La percezione del rischio in materia di elettrosmog non può prescindere dai precedenti come, ad esempio, il precedente amianto. L’amianto, com’è noto, venne ampiamente utilizzato nelle costruzioni civili soprattutto a partire dal dopoguerra; quando però, a causa del verificarsi di numerosi casi di tumore fra gli addetti alle lavorazioni con amianto, sorsero dubbi sulla sua salubrità, vennero immediatamente condotti diversi studi che ne evidenziarono la cancerogenicità.
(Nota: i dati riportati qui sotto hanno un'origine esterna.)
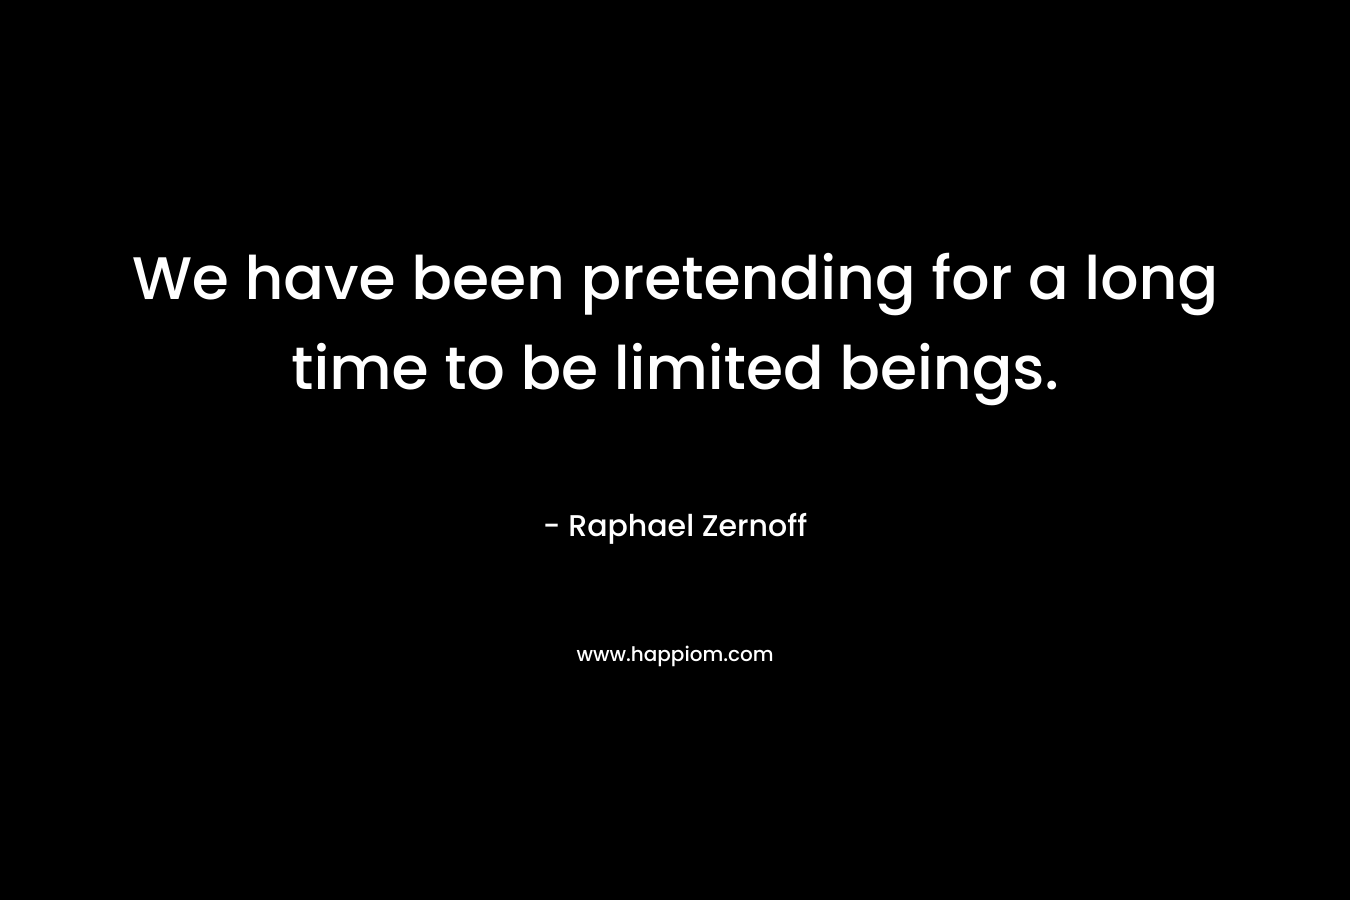 We have been pretending for a long time to be limited beings. – Raphael Zernoff

Ma ci vollero quaranta anni perché il legislatore in Italia (come altrove) intervenisse proibendo l’impiego delle fibre d’amianto con la 1. 27 marzo 1992 n. 257. Se per l’amianto la cancerogenicità risultò conclamata soltanto dopo molti anni di ricerca, nel caso delle onde elettromagnetiche, fenomeno storicamente recente, dove la scienza ha già attestato una evidenza di verosimile cancerogenicità (US EPA, Rapporto 600, 1984), appare improcrastinabile l’esigenza di offrire una tutela a chi, soprattutto i minori, rischia di essere irrimediabilmente danneggiato nei beni più preziosi, la vita e la salute,  per le incertezze della scienza e le lungaggini del legislatore.

L’individuazione del punto di equilibrio che determini il miglior grado di protezione in rapporto alla valutazione dell’incertezza è un compito che spetta al Giudice, e nel caso di specie, la recentissima ordinanza del Tar Campania riesce a trovare il giusto punto di equilibrio tra interessi economici e rischi per la salute e l’ambiente, offrendo finalmente una giusta tutela al bene fondamentale della salute umana, anche a discapito dell’incertezza dello stato delle attuali conoscenze scientifiche, sancendo che le immissioni promanabili dall’impianto a banda larga possono comportare elementi di concreto rischio per la salute di coloro che vivono nelle sue immediate vicinanze.